Question

Under orthogonal cutting condition, a turning operation is carried out on a metallic workpiece at a cutting speed of 4 m/s. The orthogonal rake angle of the cutting tool is \(5^\circ\). The uncut chip thickness and width of cut are 0.2 mm and 3 mm, respectively. In this turning operation, the resulting friction angle and shear angle are \(45^\circ\) and \(25^\circ\), respectively.
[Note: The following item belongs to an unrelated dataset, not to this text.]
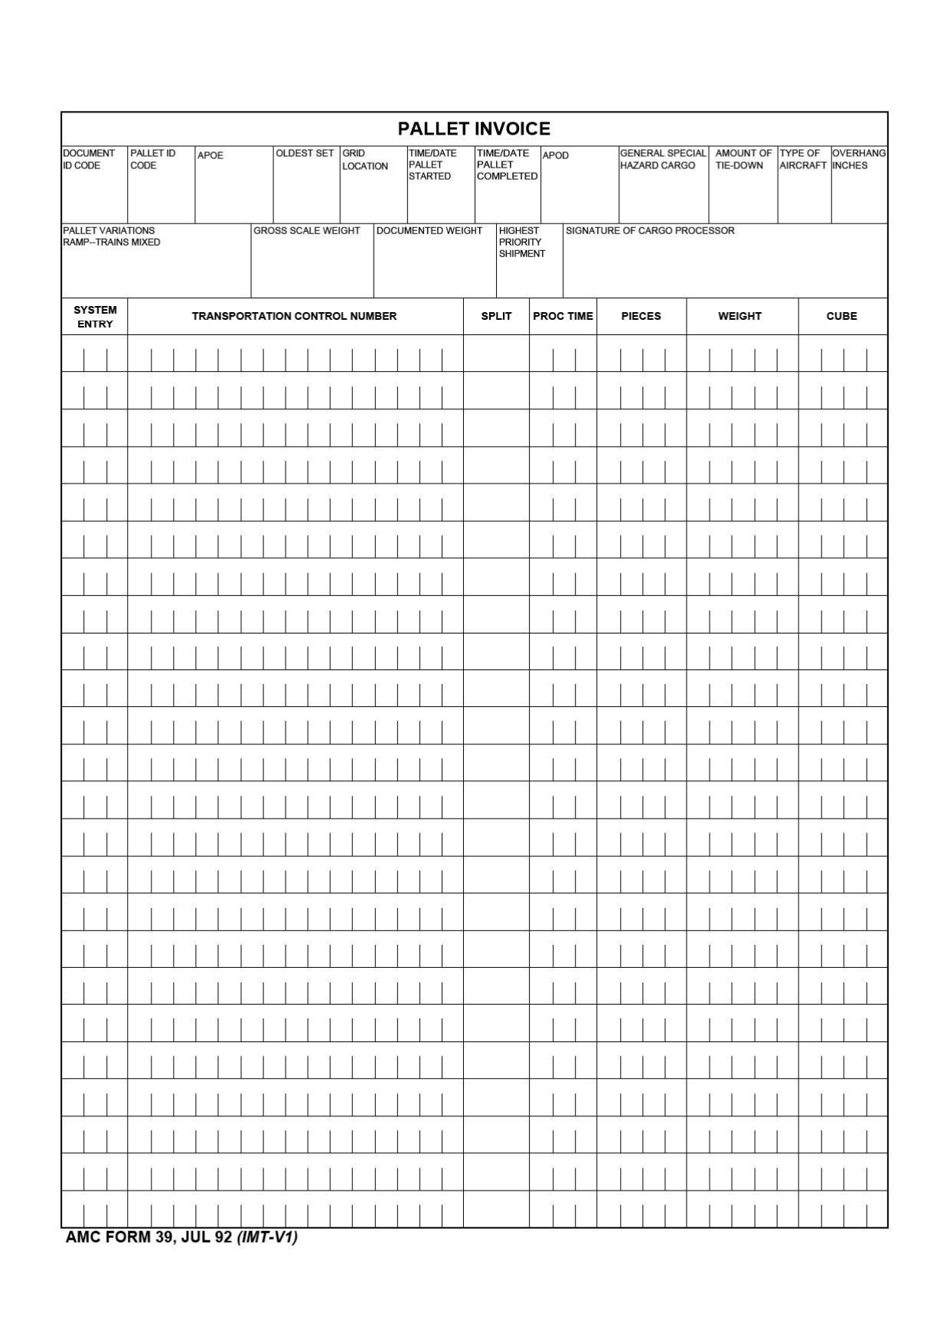 AMC Form 39 Pallet Invoice, Page 1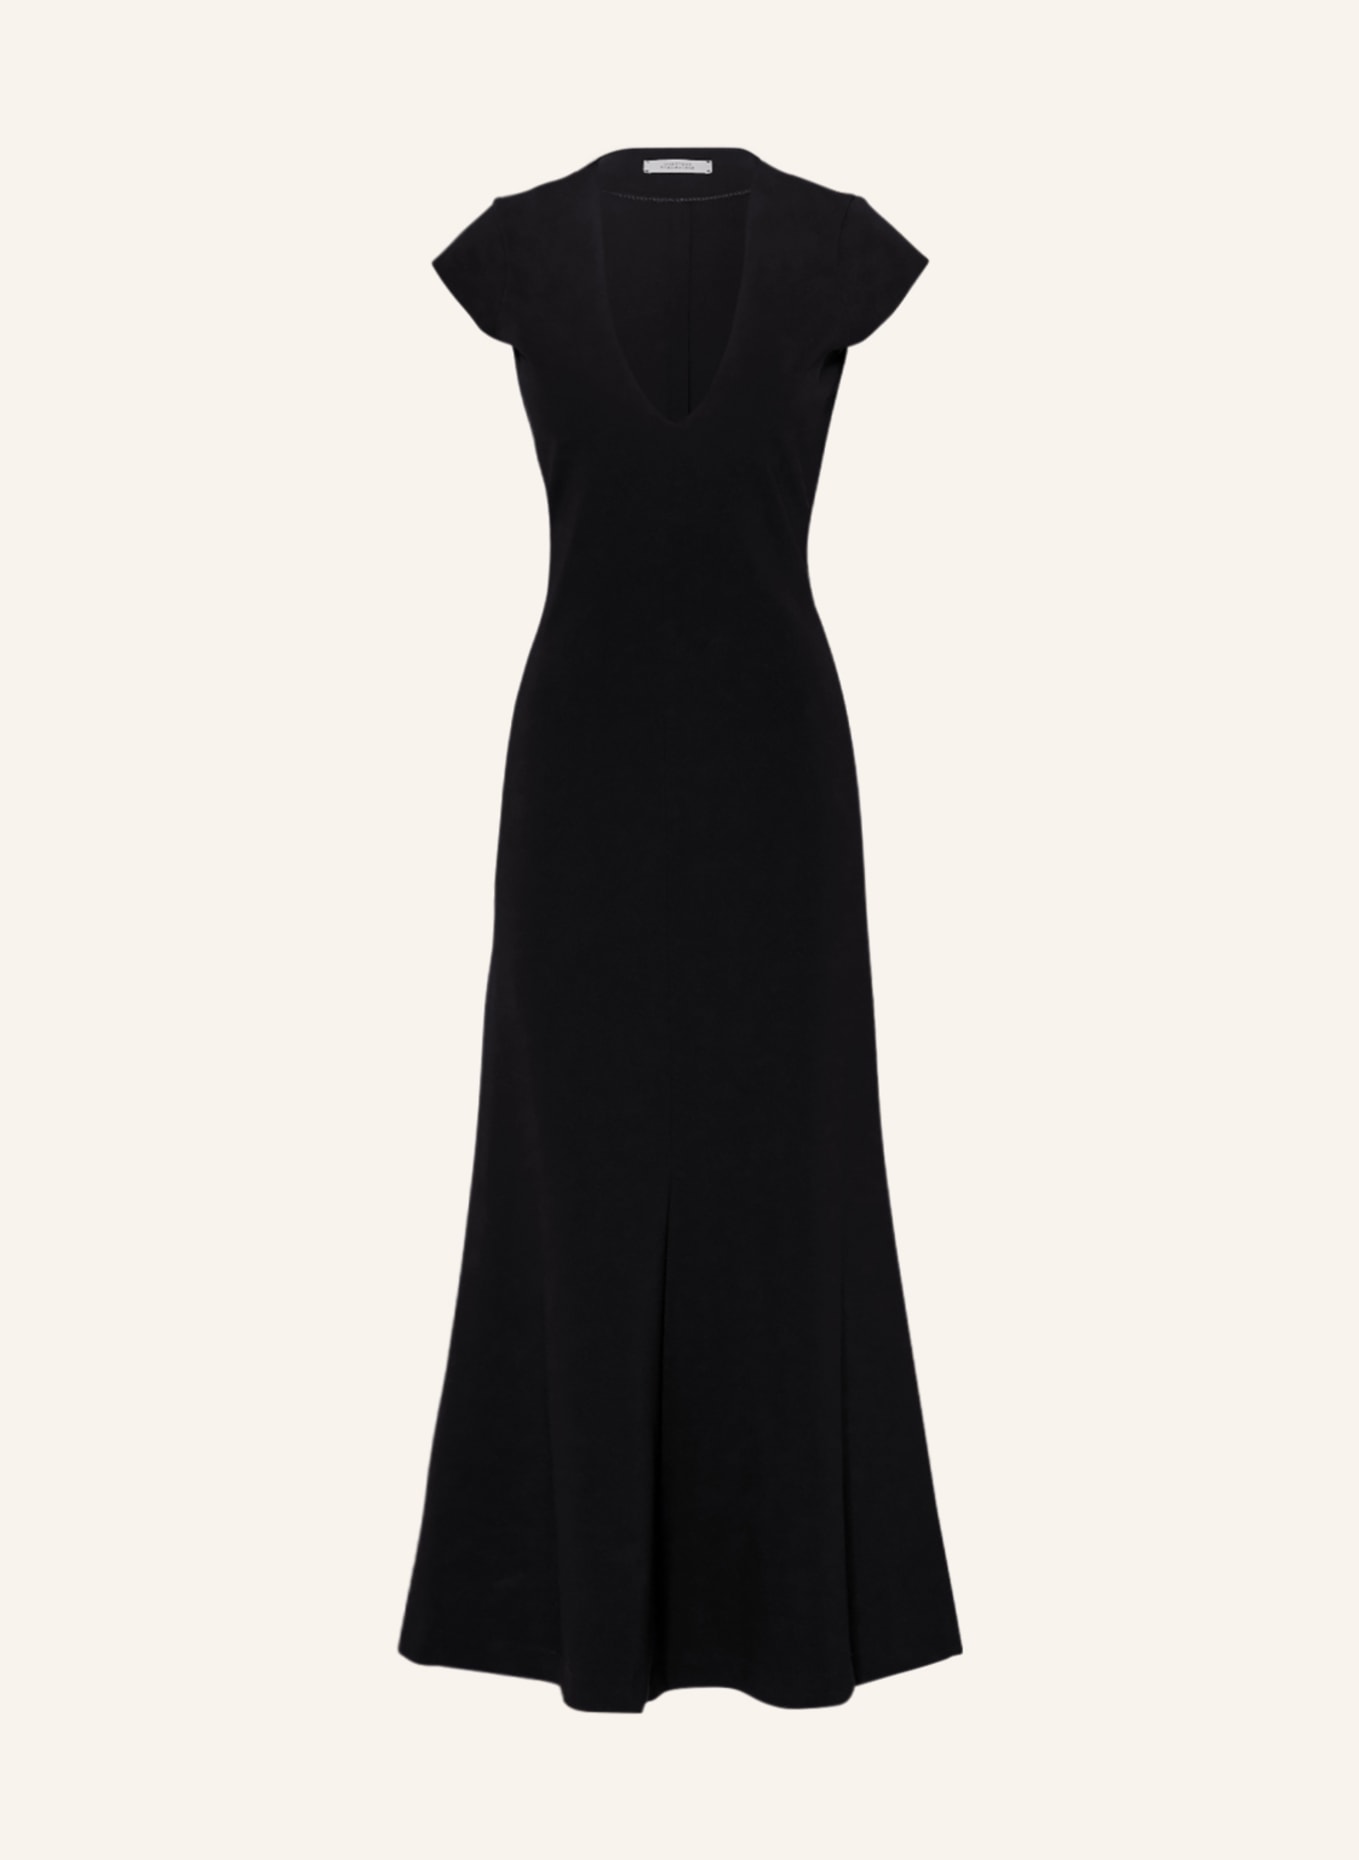 DOROTHEE SCHUMACHER Kleid, Farbe: SCHWARZ (Bild 1)

If the dynamic yield shear strength of the workpiece material under this cutting condition is 1000 MPa, then the cutting force is ________________ N (round off to one decimal place).

Hint:

In orthogonal cutting, the cutting force can be determined by using the shear strength of the material, uncut chip thickness, and cutting geometry.

Answer 1

Correct Answer: 2570

The cutting force under orthogonal cutting conditions can be calculated using the following formula: \[ F_c = \frac{2 \times T_s \times w \times t_0}{\sin(\phi) \cos(\beta)} \] Where: - \( T_s \) is the shear strength of the material, which is \( 1000 \, \text{MPa} = 1000 \times 10^6 \, \text{Pa} \), - \( w \) is the width of cut, \( 3 \, \text{mm} \), - \( t_0 \) is the uncut chip thickness, \( 0.2 \, \text{mm} \), - \( \phi \) is the friction angle, \( 45^\circ \), - \( \beta \) is the shear angle, \( 25^\circ \). Substitute the known values into the equation: \[ F_c = \frac{2 \times (1000 \times 10^6) \times (3 \times 10^{-3}) \times (0.2 \times 10^{-3})}{\sin(45^\circ) \cos(25^\circ)} \] After calculating, we get: \[ F_c \approx 2570.0 \, \text{N}. \] Thus, the cutting force is \( \boxed{2570.0} \, \text{N} \).